Directions: Leave the pictures out and repeat the rest of the data below exactly.

Available data:
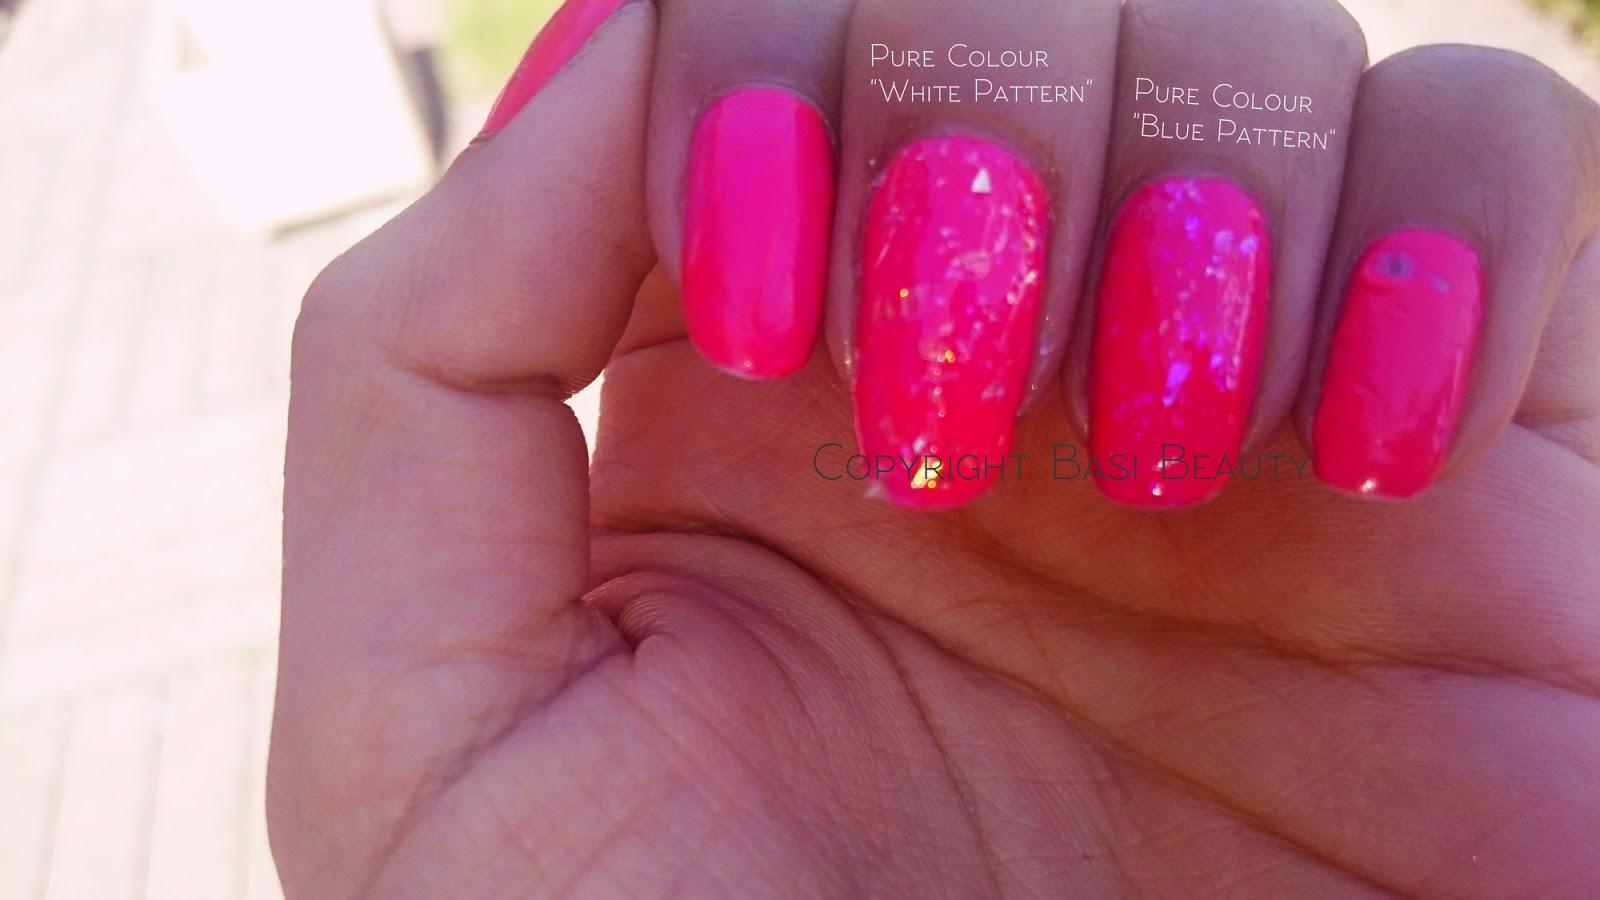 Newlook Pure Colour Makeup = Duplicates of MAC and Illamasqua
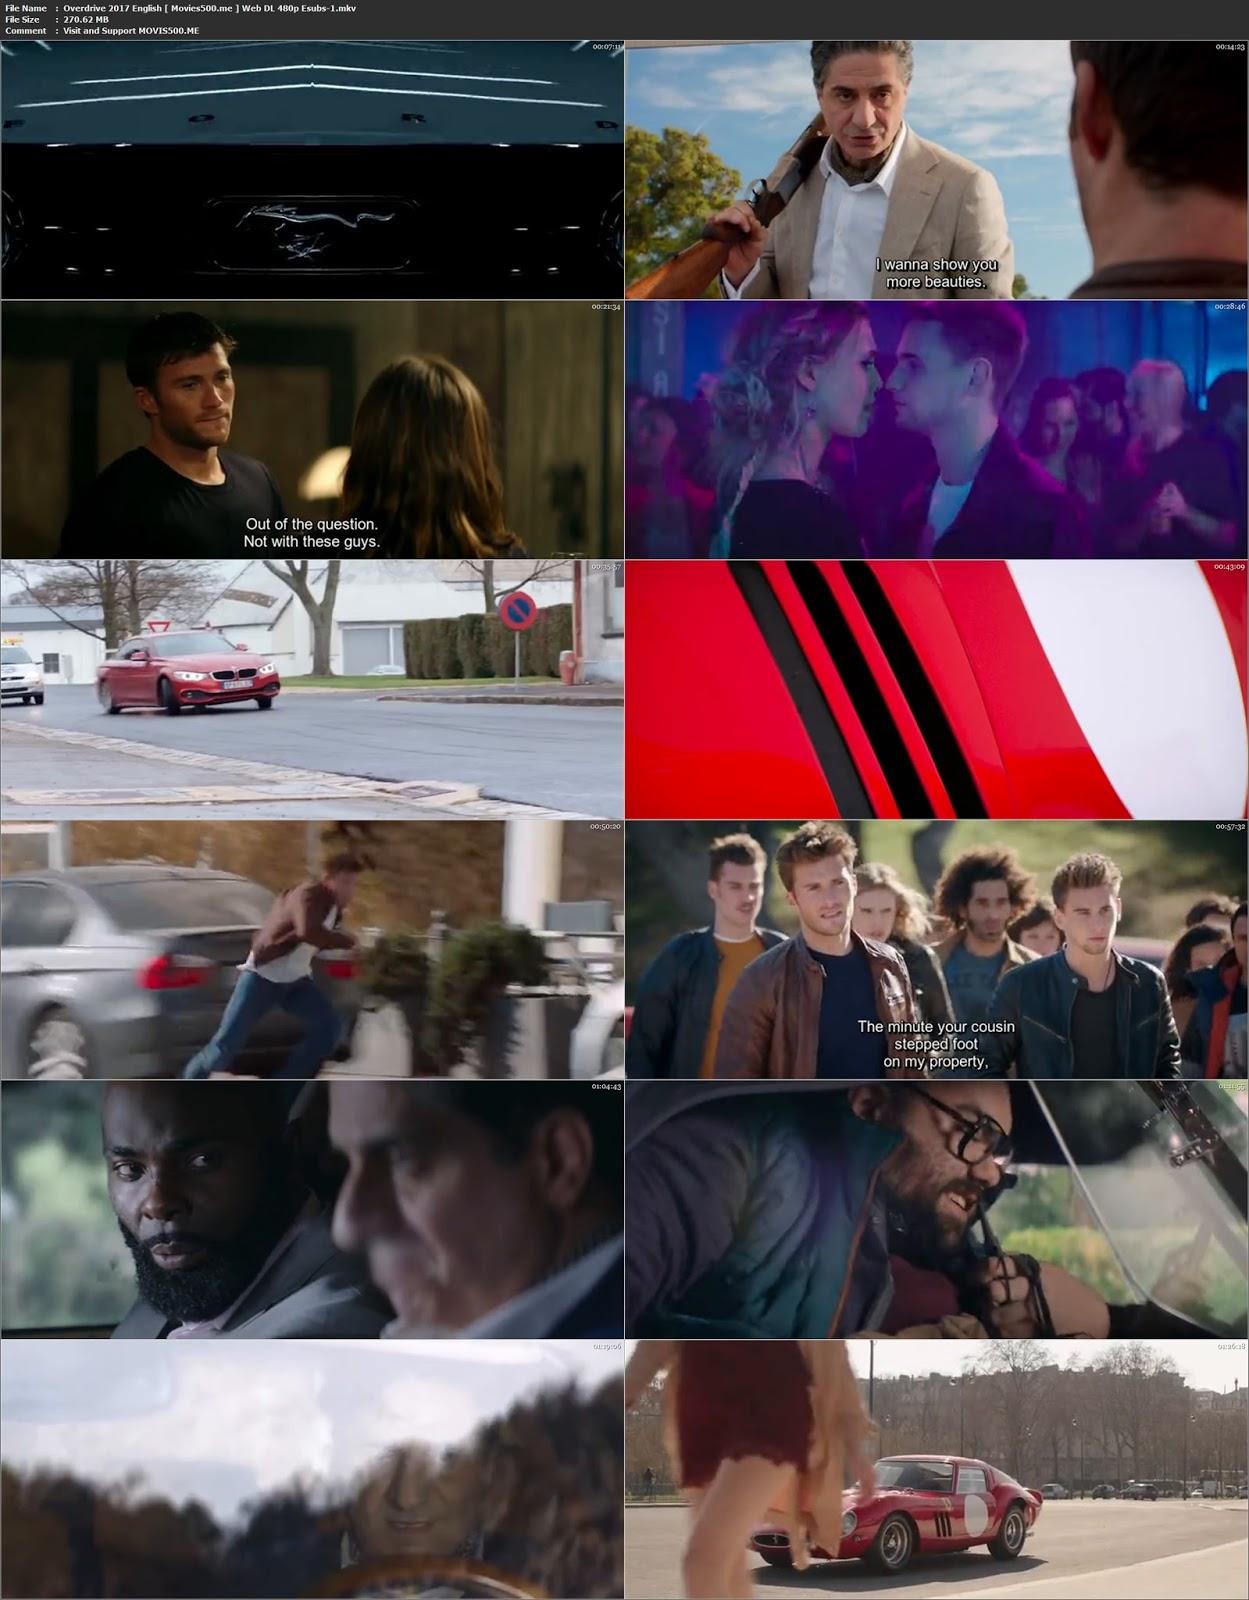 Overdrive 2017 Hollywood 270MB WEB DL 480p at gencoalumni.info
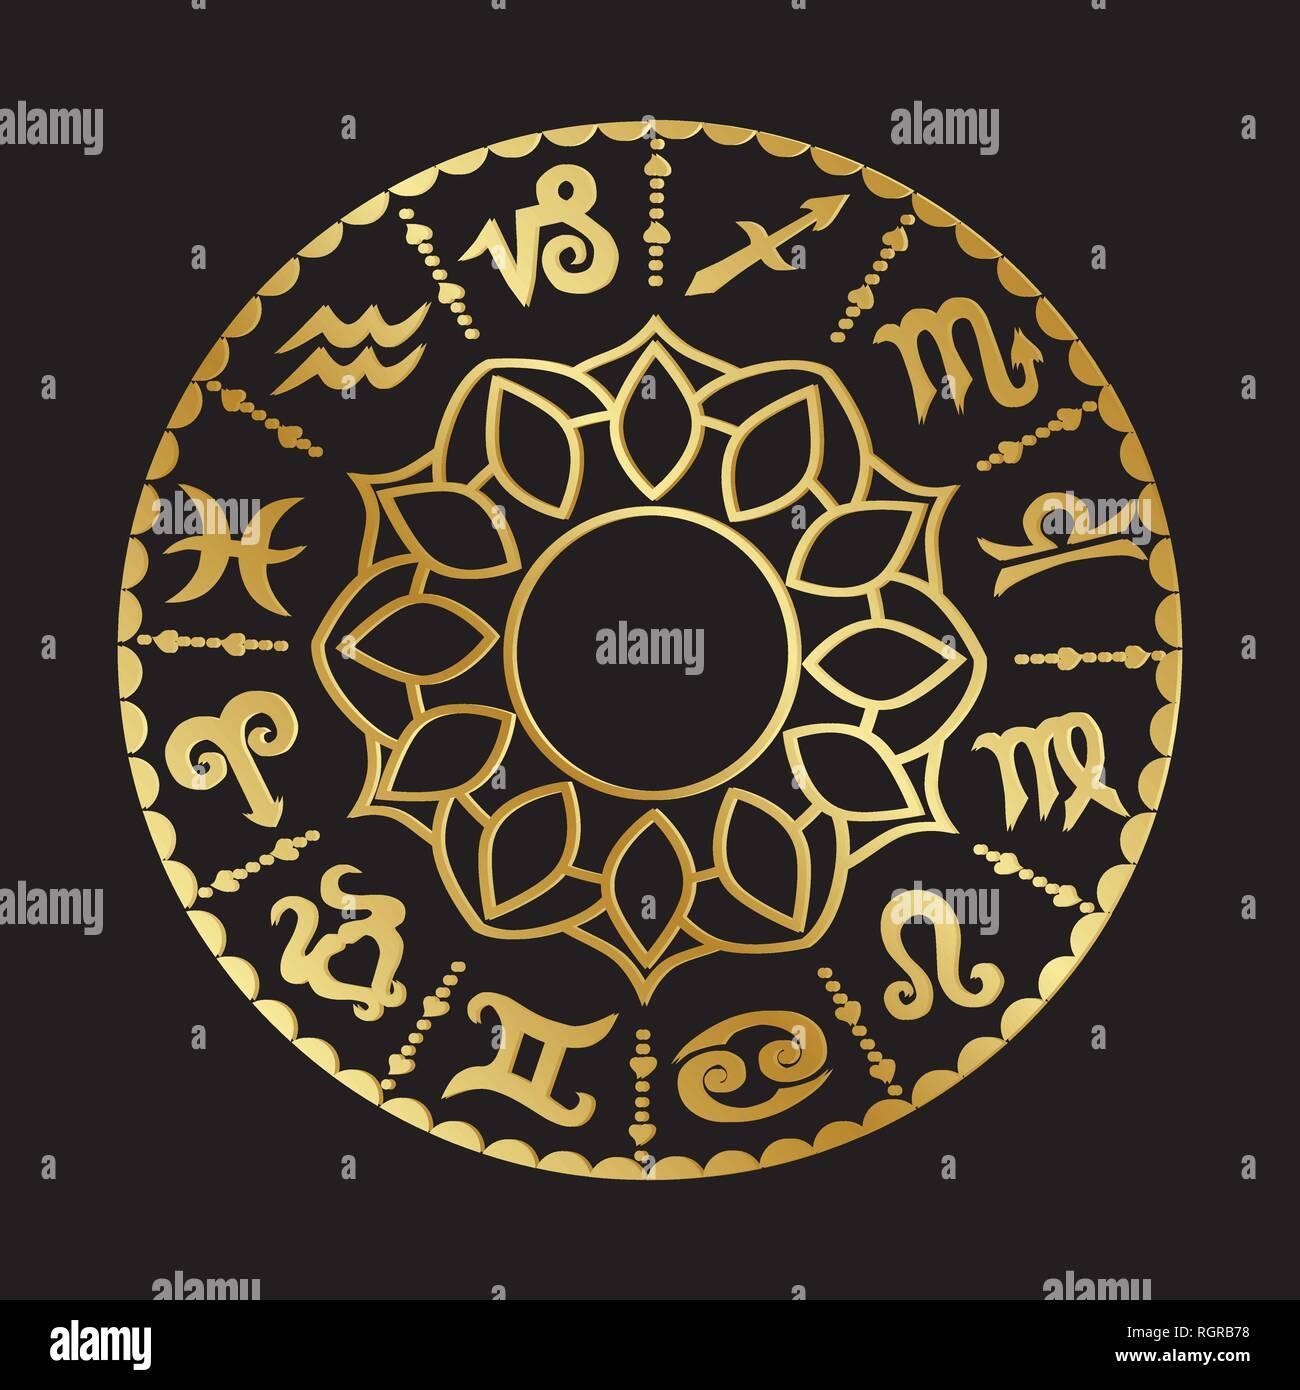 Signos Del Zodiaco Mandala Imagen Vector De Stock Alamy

Response to this task:
 Newlook Pure Colour Makeup = Duplicates of MAC and Illamasqua
 Overdrive 2017 Hollywood 270MB WEB DL 480p at gencoalumni.info
 Signos Del Zodiaco Mandala Imagen Vector De Stock Alamy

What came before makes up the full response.